If the holder turns out to be a `defender`, `twistlock`, `prisma`, or any non-kubelet binary running on the host, the workload's bind failure is collateral.

### Drop the agent's hold and let the workload bind

The supported fix for this class of agent is to **disable the agent on the affected nodes**, restart the affected pods, and confirm the listener comes up.

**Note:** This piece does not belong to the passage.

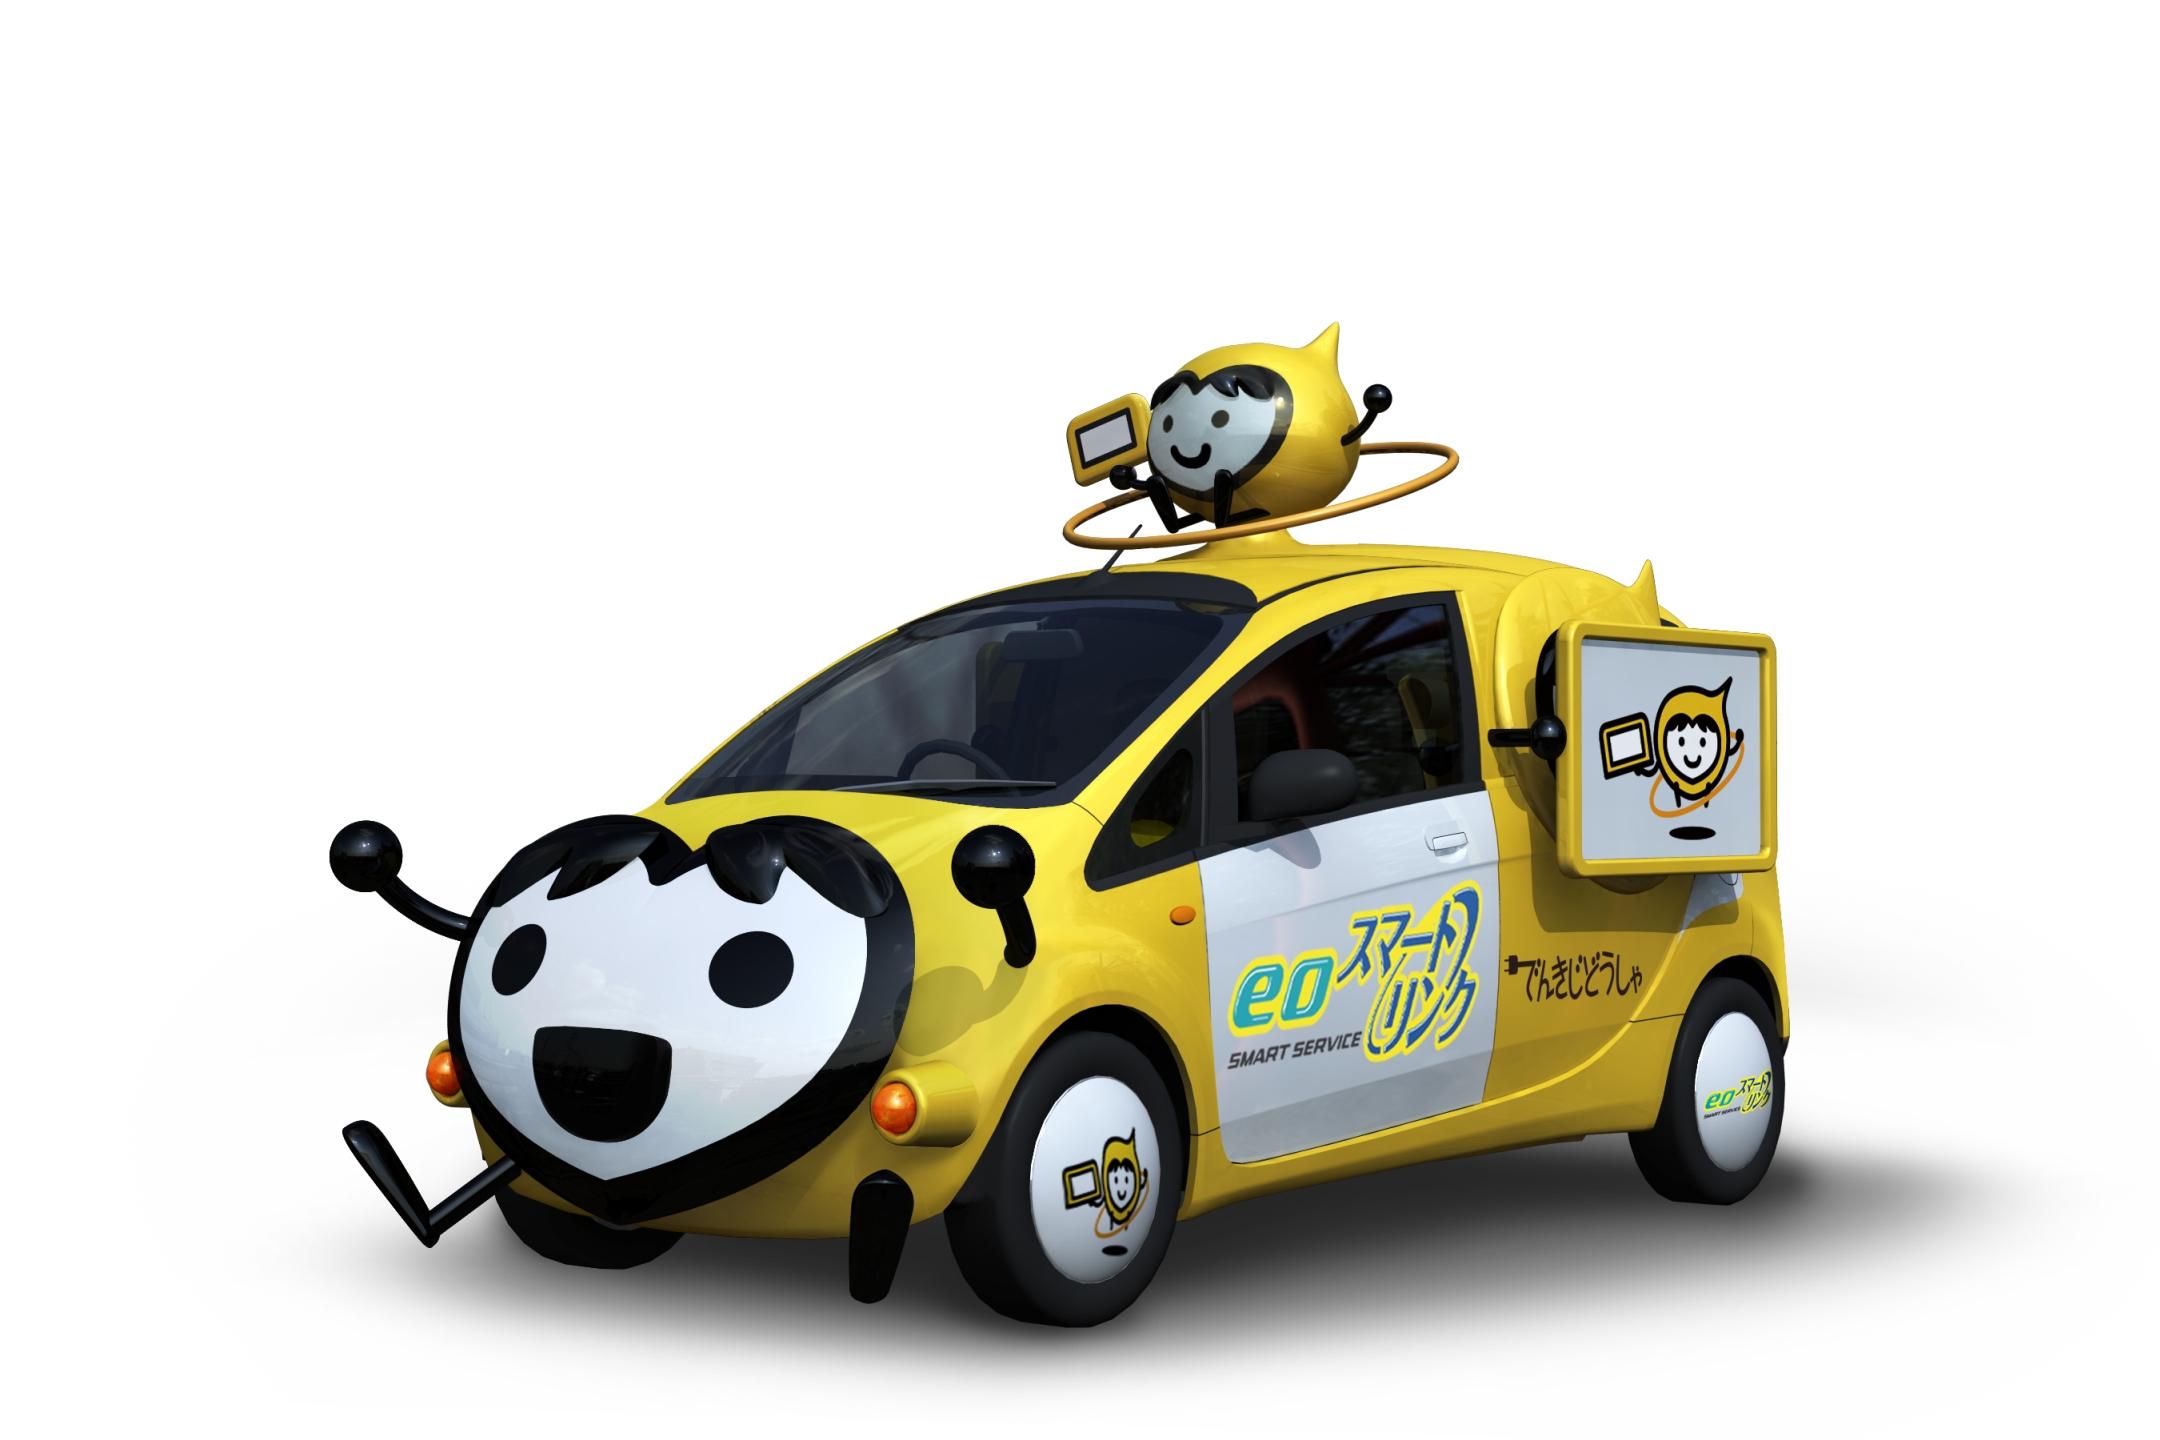 国内初 タブレット端末サービスのキャンペーンカー「リンクちゃん号」とARコンテンツの提供について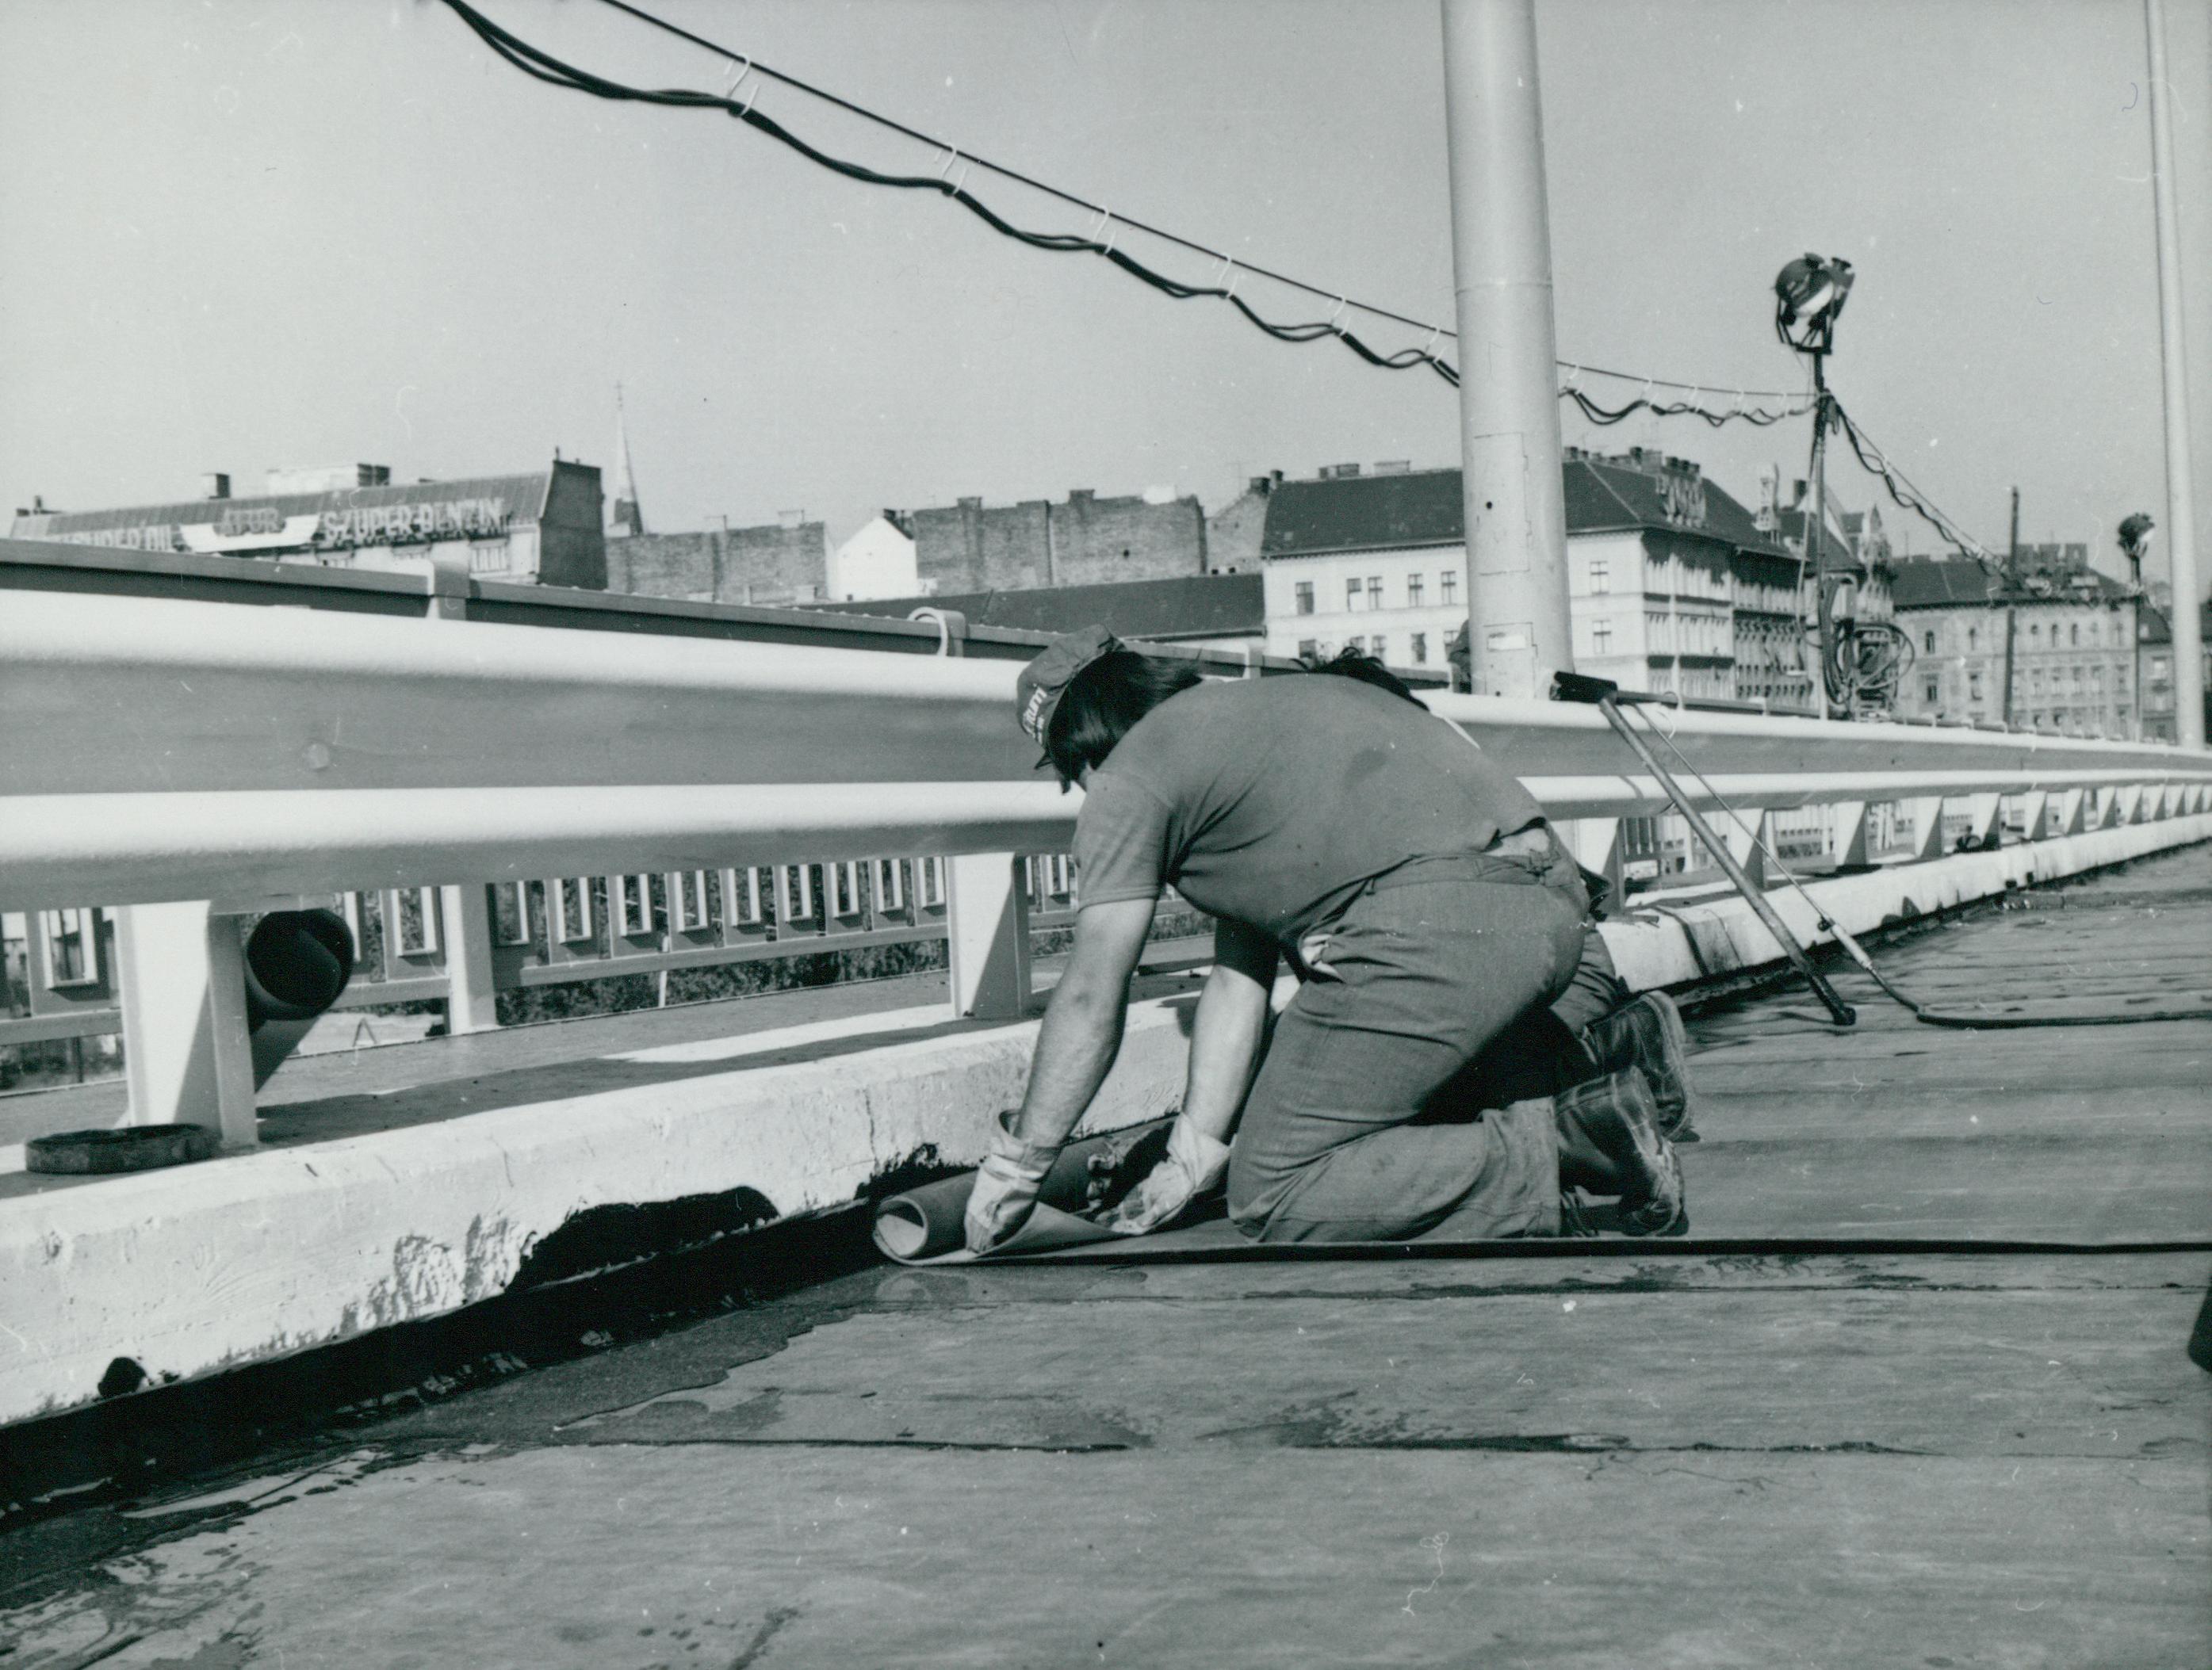 Pályaburkolat alatti szigetelés elhelyezése a Petőfi hídon

Three concrete remediations, ordered by intrusiveness:

1. Stop the agent's enforcement on the affected nodes from its own console / CR — most enterprise agents have a "monitor only" toggle that releases the injected sockets without uninstalling.
2. Cordon the node, scale the agent's DaemonSet down on the node (taint the node so the agent's tolerations no longer match, or set `nodeSelector` on the DaemonSet), then reschedule the workload pods. The kernel releases the port as soon as the agent's process exits.
3. If the held socket persists after the agent is stopped, reboot the node — a kernel-side socket leak that the userspace exit did not clear is the only situation that requires this. Drain first.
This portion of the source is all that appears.